Chemical Analysis and Imaging on the Nanometer Scale
Prof. Renato Zenobi
Department of Chemistry and Applied Biosciences ETH Zurich, Switzerland
Renato Zenobi is Professor of Analytical Chemistry at the Organic Chemistry Laboratory of the Swiss Federal Institute of Technology (ETH) Zurich. Born in Zurich in 1961, he received a M.S. degree from the ETH Zurich in 1986, and a Ph.D. at Stanford University in the USA in 1990. This was followed by two postdoctoral appointments at the University of Pittsburgh (1990 - 1991) and at the University of Michigan (1991). Renato Zenobi returned to Switzerland in 1992 as a Werner Fellow at the EPFL, Lausanne, where he established his own research group. He became assistant professor at the ETH in 1995, was promoted to associate professor in 1997, and to full professor in 2000. He was chairman of the Organic Chemistry Laboratory in 2002-2003 and 2011-2012, served as the president of ETH’s university assembly (Hochschulversammlung, HV) from 2006 – 2008, and of the lecturer’s conference (Konferenz des Lehrkörpers, KdL) at ETH Zurich 2006 - 2010. Zenobi was a visiting professor at the Barnett Institute (Boston) in 2004/2005, and at the Institut Curie (Paris) in 2010. In 2010 he was appointed Associate Editor of Analytical Chemistry (American Chemical Society). He will be chairing the 2014 International Mass Spectrometry Conference in Geneva, Switzerland.

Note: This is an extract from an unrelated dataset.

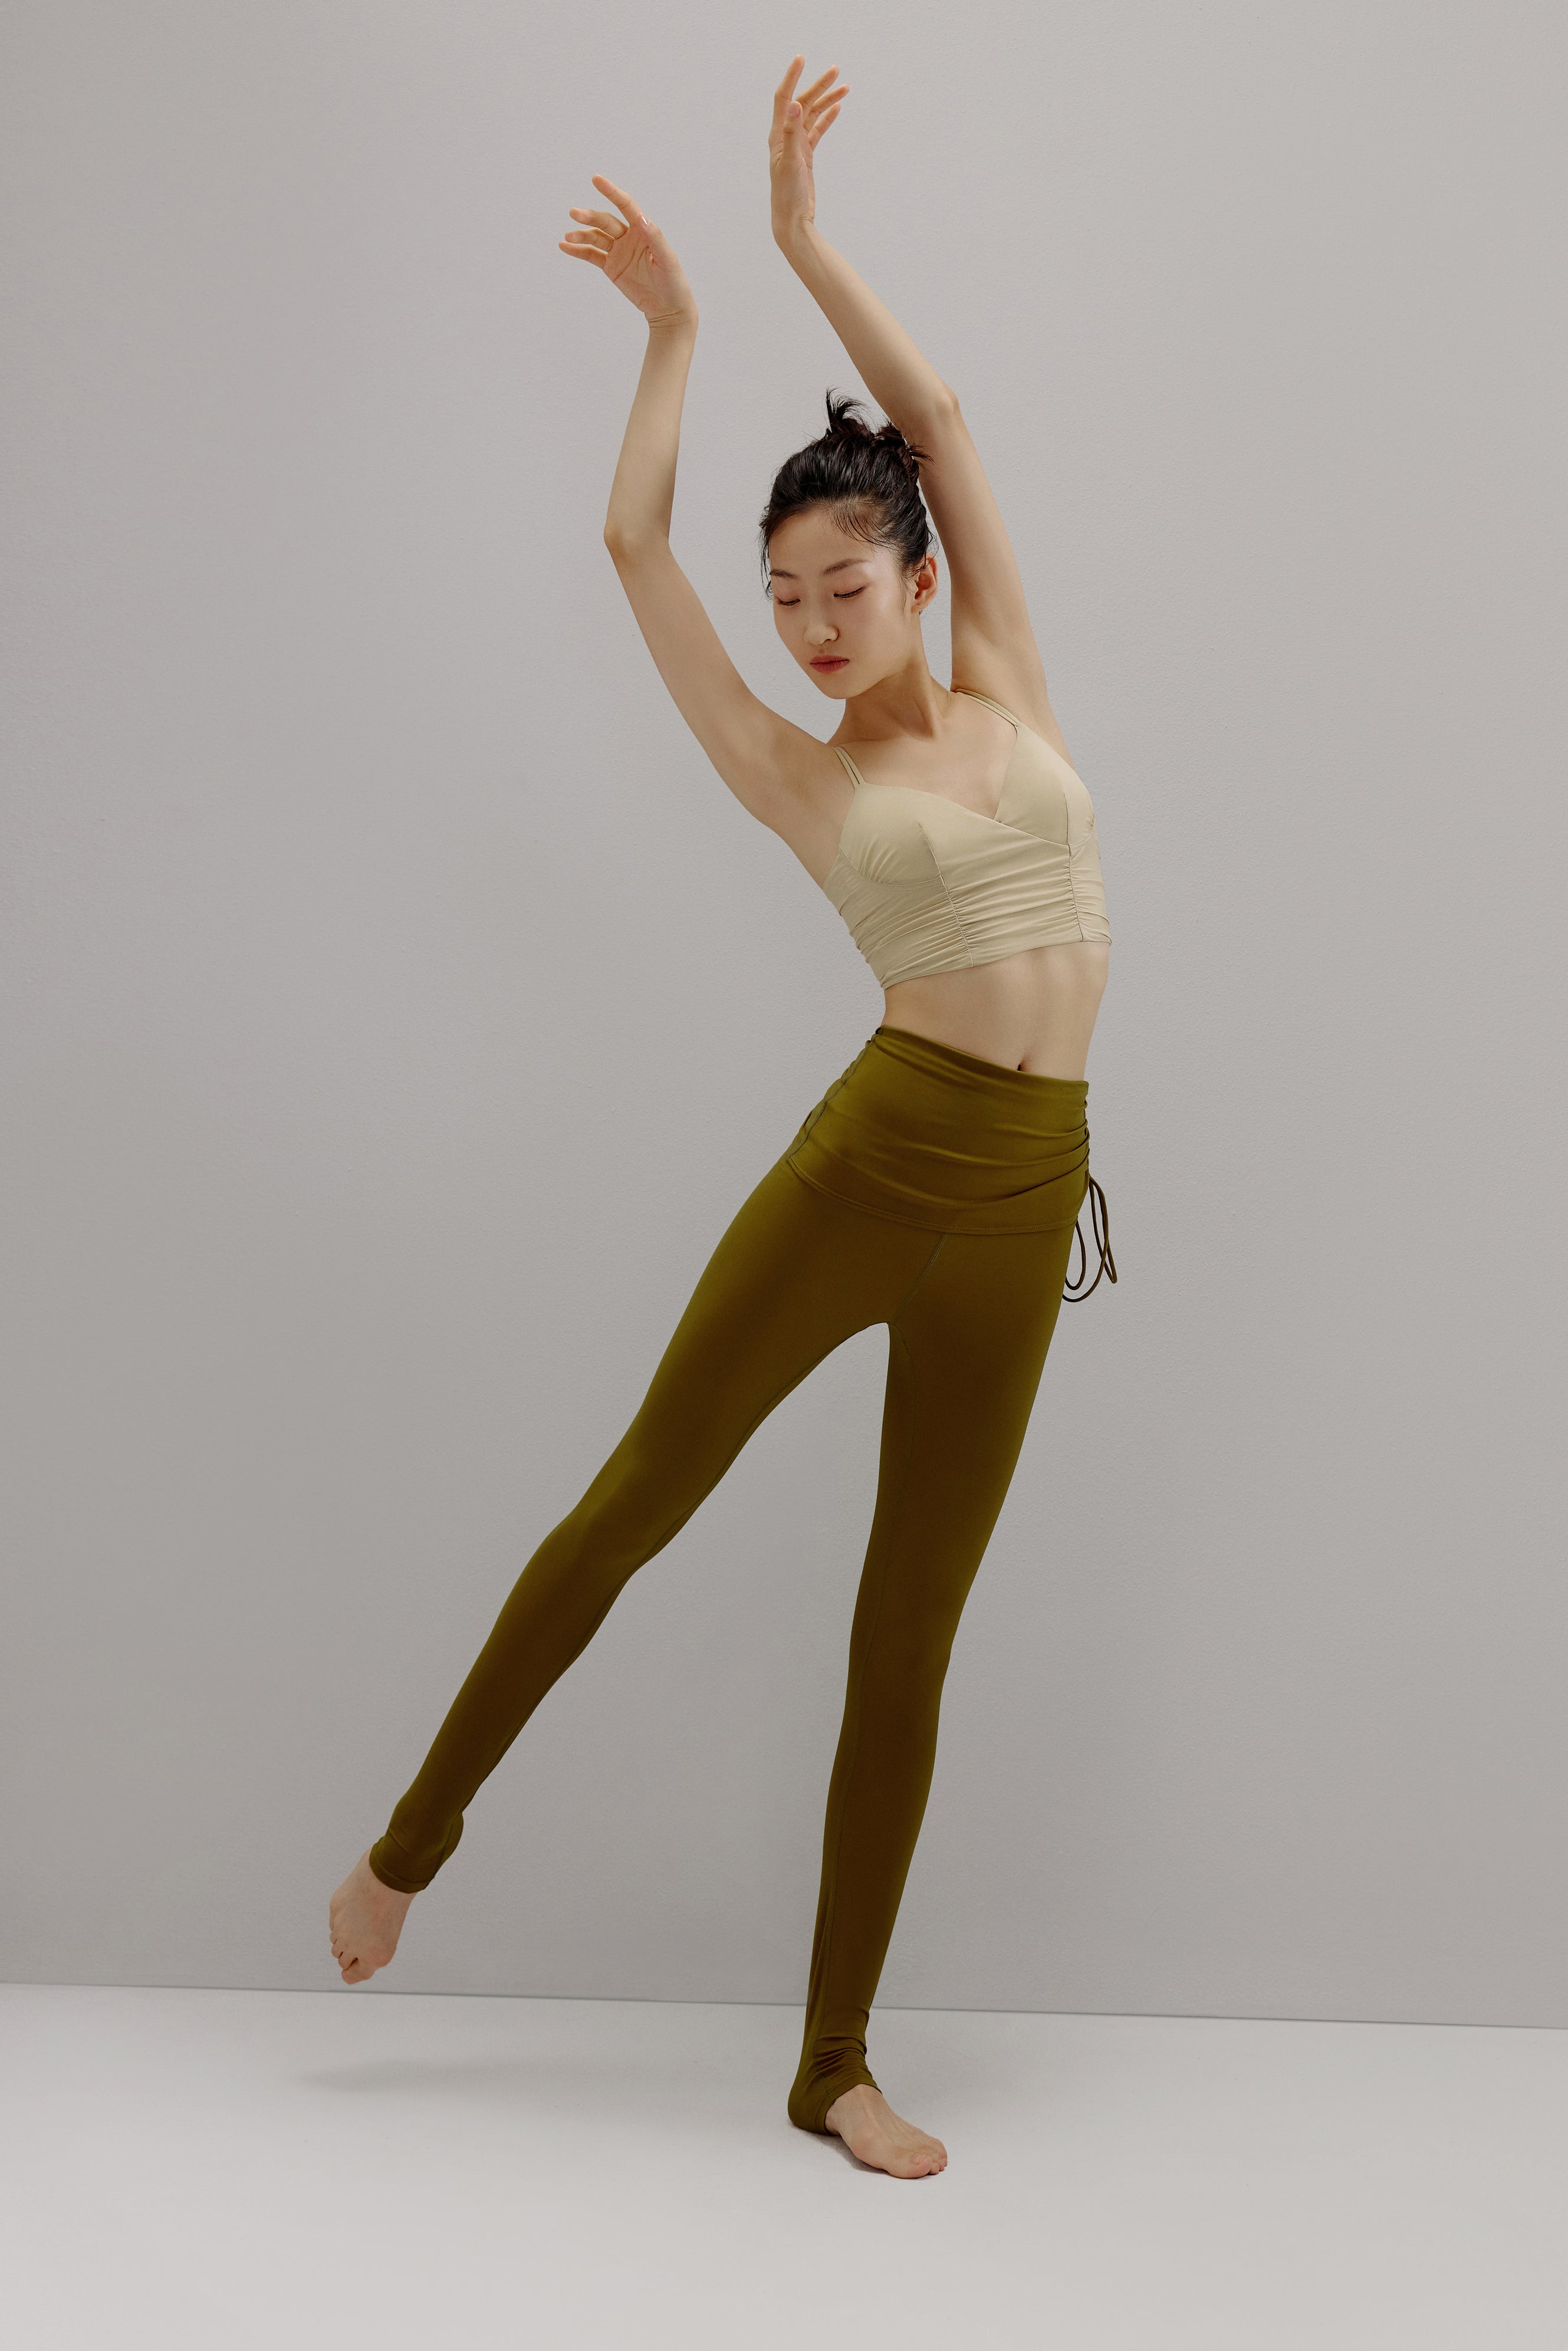 Silky Ladies Stretchy Stirrup Tights |Dancewear Central (SILKMATT)

Zenobi’s research areas include laser-based analytical chemistry, electrospray and laser-assisted mass spectrometry, ambient mass spectrometry, and near-field optical microscopy and spectroscopy. He has made important contributions to the understanding of the ion formation mechanism in matrix-assisted laser desorption/ionization (MALDI) mass spectrometry, and to ambient ionization methods. He is well known for the development of analytical tools for the nanoscale, in particular TERS (tip-enhanced Raman spectroscopy), a spectroscopic methodology with ≈ 10 nm spatial resolution.
Renato Zenobi has received many awards for his scientific work, including the Thomas Hirschfeld Award (1989), an Andrew Mellon Fellowship (1990), the Ruzicka Prize (1993), the Heinrich Emanuel Merck-Prize (1998), the Redwood Lectureship from the Royal Society of Chemistry (2005), the Michael Widmer Award (2006), a honorary Professorship at East China Institute of Technology (2007), the Schulich Graduate Lectureship (2009), a honorary membership of the Israel Chemical Society (2009), honorary professorships at the Chinese Academy of Sciences (Changchun), at Hunan University, and at Changchun University of Chinese Medicine (2010), the Mayent-Rothschild Fellowship (Institut Curie, Paris; 2010), the Fresenius Lectureship from the German Chemical Society (2012), and the Thomson Medal (International Mass Spectrometry Foundation, 2014).